◆ What to do: Read the records below and report each line in which "Kids" occurs.

---*---

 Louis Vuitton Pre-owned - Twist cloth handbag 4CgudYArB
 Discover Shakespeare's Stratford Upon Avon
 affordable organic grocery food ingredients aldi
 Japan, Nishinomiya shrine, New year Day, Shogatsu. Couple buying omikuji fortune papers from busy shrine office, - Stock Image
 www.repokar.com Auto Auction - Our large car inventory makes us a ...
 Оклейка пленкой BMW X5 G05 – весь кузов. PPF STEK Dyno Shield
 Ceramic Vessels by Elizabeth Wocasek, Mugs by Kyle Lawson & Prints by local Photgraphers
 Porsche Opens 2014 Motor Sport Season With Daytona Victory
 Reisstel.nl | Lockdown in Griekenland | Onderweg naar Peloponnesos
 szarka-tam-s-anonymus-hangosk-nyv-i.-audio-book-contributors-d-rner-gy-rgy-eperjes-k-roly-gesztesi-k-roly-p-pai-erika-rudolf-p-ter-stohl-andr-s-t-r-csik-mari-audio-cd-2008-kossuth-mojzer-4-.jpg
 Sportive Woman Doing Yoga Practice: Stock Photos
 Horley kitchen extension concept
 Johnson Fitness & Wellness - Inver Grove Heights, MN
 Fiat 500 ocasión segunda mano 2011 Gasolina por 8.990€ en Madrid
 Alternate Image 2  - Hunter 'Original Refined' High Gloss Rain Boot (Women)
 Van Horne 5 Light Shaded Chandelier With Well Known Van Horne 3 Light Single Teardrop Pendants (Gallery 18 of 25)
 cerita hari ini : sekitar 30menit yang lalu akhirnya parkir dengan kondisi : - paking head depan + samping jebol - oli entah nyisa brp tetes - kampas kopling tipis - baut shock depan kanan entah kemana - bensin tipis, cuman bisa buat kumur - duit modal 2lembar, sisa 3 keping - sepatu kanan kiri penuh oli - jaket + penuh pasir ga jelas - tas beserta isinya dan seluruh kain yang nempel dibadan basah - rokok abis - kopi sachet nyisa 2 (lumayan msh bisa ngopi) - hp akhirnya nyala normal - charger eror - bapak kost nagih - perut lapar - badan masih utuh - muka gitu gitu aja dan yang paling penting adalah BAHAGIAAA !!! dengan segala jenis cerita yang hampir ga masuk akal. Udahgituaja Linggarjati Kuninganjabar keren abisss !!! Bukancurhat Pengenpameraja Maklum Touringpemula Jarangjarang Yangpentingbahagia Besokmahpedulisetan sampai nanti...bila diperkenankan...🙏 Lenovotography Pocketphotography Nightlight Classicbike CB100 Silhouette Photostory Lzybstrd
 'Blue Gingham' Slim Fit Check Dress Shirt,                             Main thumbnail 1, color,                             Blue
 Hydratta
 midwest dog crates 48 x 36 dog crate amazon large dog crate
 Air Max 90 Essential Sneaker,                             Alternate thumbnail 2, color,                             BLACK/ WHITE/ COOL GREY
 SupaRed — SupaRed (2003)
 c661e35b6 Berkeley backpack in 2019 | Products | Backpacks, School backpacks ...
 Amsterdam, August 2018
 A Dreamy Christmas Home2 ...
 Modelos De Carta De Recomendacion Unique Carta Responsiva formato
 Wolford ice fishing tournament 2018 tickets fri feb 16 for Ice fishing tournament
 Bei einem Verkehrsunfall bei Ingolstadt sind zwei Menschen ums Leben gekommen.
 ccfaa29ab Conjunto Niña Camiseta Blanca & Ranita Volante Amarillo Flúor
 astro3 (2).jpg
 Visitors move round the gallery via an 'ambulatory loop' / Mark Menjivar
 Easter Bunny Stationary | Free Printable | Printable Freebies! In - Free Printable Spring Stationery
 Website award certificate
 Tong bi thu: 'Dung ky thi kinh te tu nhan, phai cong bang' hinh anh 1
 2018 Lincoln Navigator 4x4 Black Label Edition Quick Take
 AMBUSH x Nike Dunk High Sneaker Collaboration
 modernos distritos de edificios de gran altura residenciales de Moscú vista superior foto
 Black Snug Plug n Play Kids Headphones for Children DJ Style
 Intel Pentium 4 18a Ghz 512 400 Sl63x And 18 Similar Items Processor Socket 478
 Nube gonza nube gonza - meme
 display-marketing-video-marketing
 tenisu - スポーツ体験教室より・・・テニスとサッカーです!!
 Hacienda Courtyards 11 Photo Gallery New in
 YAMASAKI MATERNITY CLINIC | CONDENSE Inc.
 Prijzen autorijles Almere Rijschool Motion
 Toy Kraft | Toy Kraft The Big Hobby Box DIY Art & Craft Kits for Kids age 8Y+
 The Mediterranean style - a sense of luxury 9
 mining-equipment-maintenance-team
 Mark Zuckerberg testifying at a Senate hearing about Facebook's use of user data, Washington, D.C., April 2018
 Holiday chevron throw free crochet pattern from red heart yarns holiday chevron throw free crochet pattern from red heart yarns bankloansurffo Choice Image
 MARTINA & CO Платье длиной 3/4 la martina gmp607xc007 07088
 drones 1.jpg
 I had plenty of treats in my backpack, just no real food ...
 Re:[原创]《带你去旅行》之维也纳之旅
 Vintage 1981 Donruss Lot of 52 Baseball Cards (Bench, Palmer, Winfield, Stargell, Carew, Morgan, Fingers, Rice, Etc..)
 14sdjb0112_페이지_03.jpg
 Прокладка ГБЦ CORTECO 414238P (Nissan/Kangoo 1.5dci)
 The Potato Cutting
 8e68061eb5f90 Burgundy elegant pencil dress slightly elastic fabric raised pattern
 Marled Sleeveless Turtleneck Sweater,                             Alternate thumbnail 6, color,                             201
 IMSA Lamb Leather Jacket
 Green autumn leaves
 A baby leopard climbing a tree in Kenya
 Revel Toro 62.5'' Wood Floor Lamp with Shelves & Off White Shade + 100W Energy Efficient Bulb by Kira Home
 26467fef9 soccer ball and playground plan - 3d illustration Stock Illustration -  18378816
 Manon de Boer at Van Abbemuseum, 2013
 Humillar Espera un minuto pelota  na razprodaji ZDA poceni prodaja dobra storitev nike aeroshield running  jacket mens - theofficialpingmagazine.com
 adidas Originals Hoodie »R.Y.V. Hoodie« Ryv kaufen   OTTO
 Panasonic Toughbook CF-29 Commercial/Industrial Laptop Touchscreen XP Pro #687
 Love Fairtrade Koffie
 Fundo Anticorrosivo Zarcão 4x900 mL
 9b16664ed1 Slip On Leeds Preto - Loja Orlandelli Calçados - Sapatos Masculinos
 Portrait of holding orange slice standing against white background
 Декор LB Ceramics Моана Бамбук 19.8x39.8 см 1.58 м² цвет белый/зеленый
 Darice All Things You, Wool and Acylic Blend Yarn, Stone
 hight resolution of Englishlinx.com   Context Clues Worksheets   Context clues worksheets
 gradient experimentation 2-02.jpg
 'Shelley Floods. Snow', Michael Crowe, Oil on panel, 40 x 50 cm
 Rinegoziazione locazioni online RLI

---*---

◆ Finished exercise:
 Black Snug Plug n Play Kids Headphones for Children DJ Style
 Toy Kraft | Toy Kraft The Big Hobby Box DIY Art & Craft Kits for Kids age 8Y+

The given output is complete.